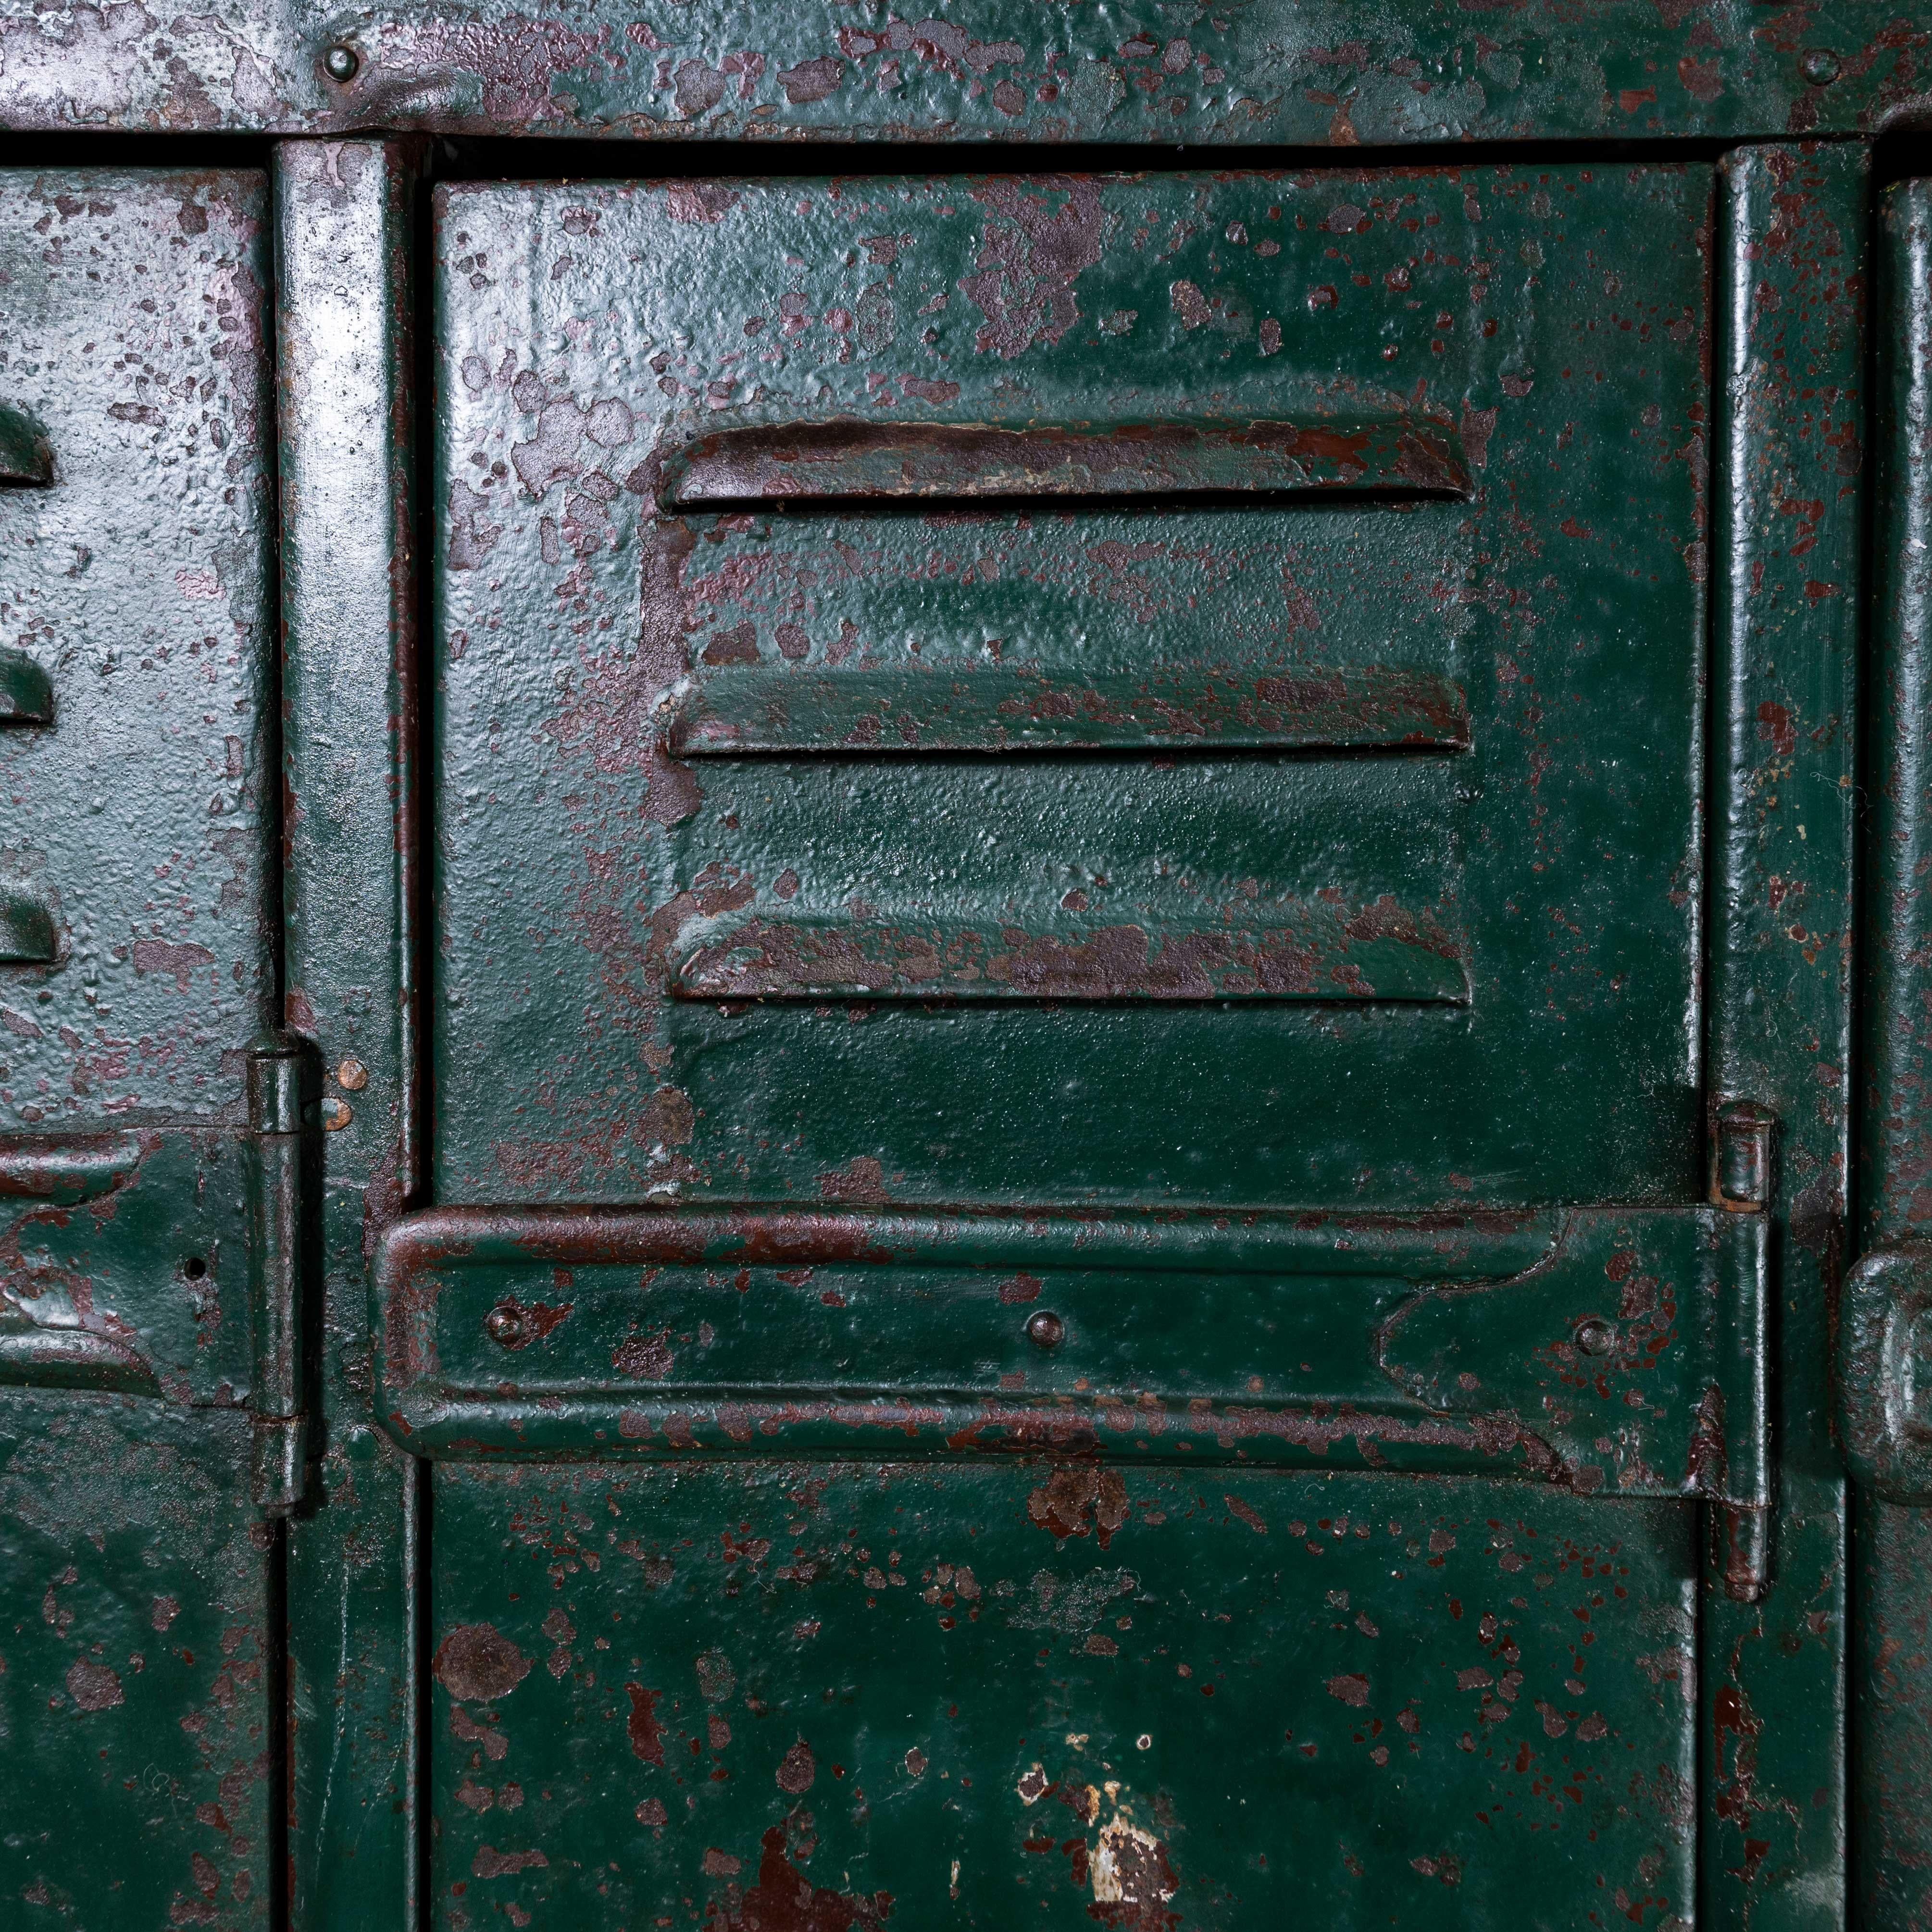 1940s Heavy Duty French Steel Industrial Locker, Four Door For Sale 7
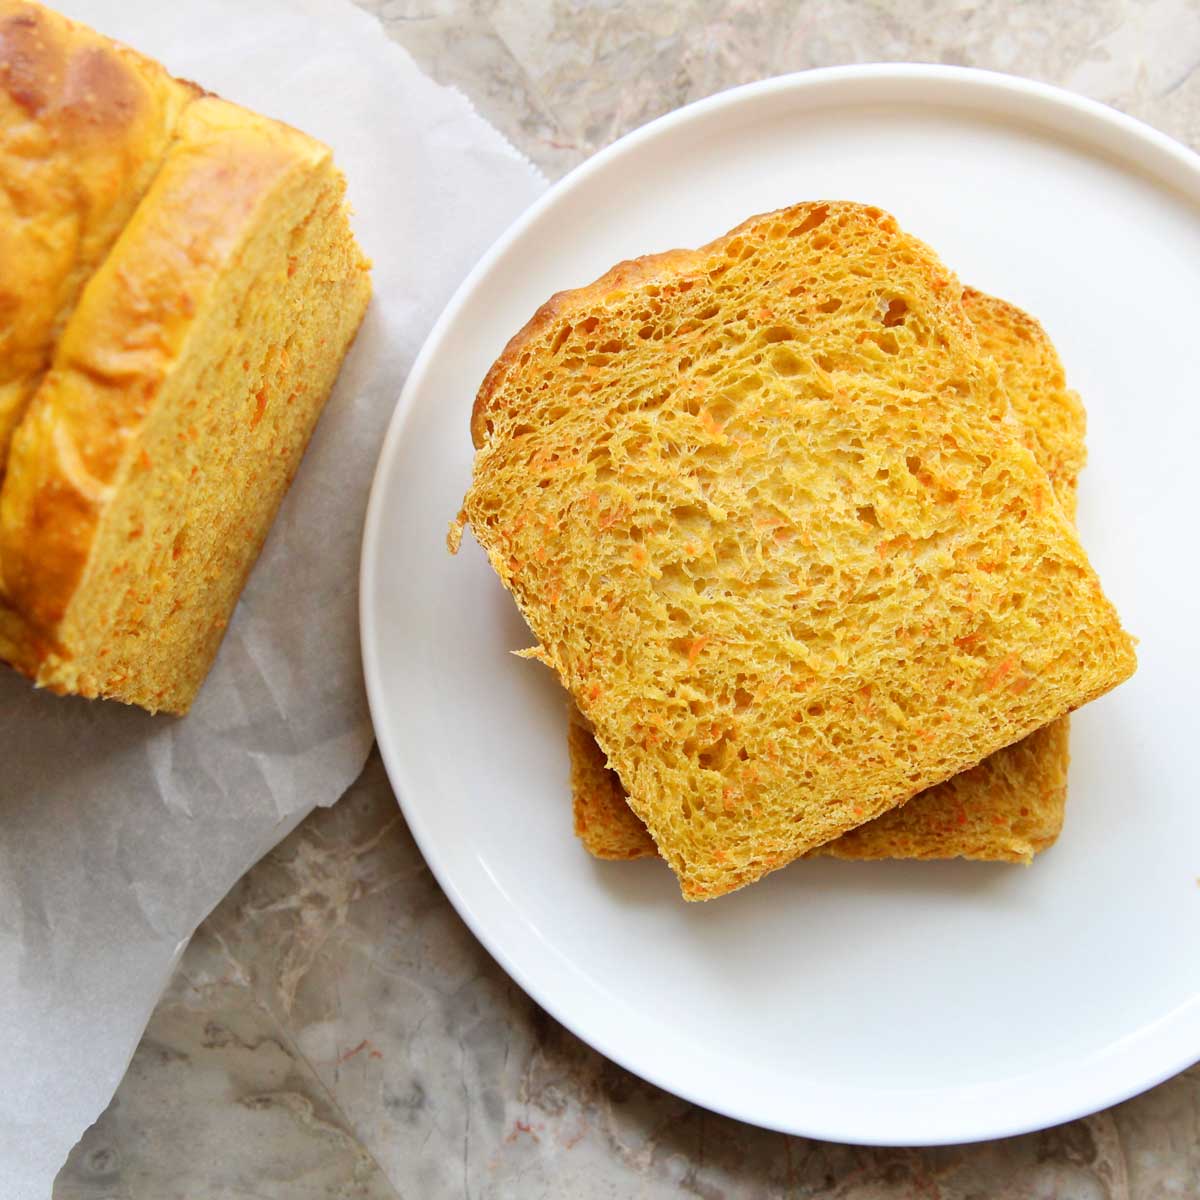 Healthy Carrot Sandwich Bread (Yeast Bread) Recipe - yeast bread
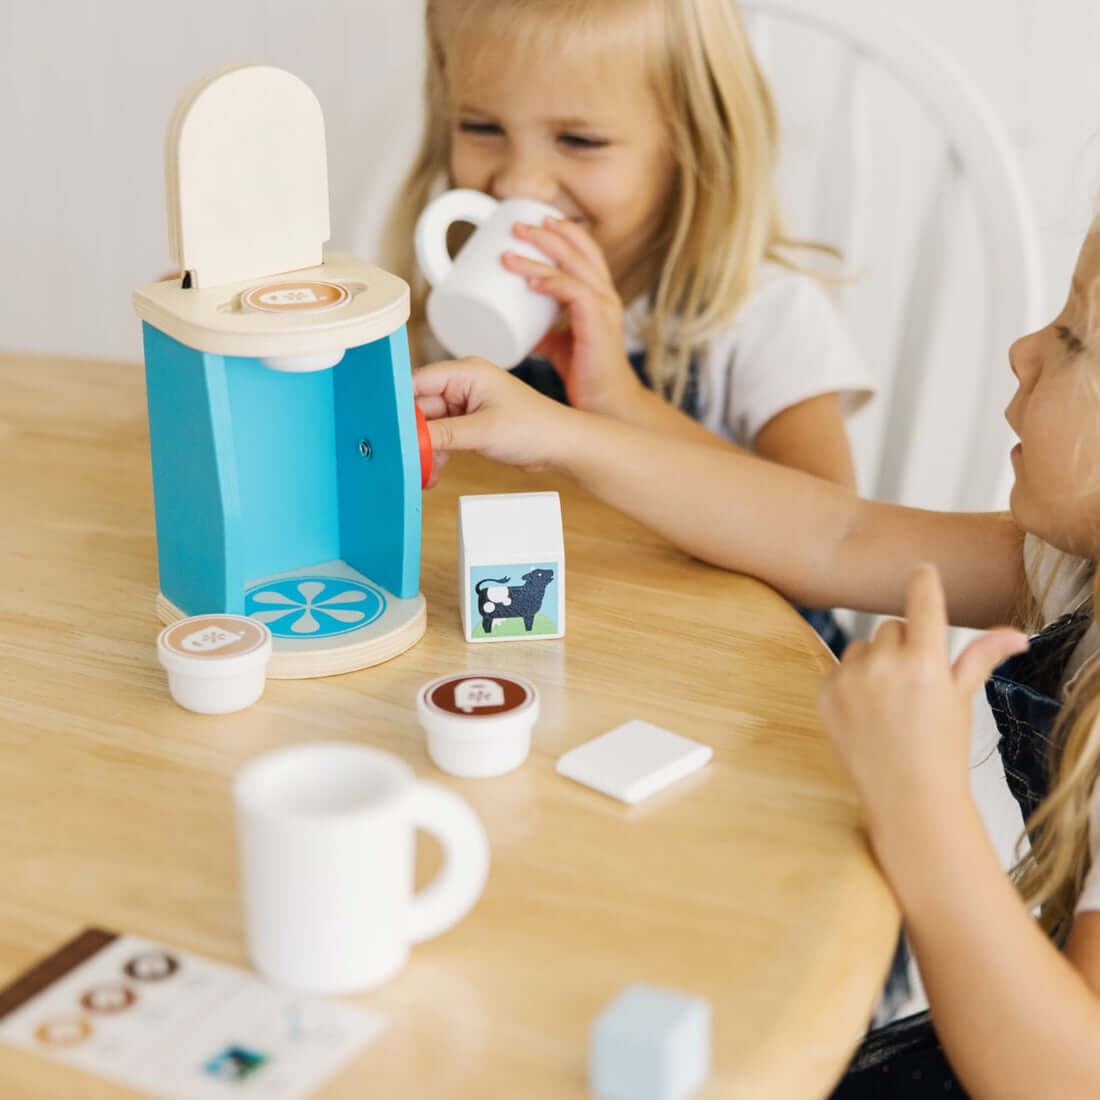 B. toys – Cafetière jouet pour enfants – Machine à café en bois

:: EXERCISE INSTRUCTIONS ::
Starting with the line that contains "Healthy Carrot Sandwich", give the lines again exactly as they appear through the last line of the data, pictures excluded.

:: EXPECTED ANSWER ::
 Healthy Carrot Sandwich Bread (Yeast Bread) Recipe - yeast bread
 B. toys – Cafetière jouet pour enfants – Machine à café en bois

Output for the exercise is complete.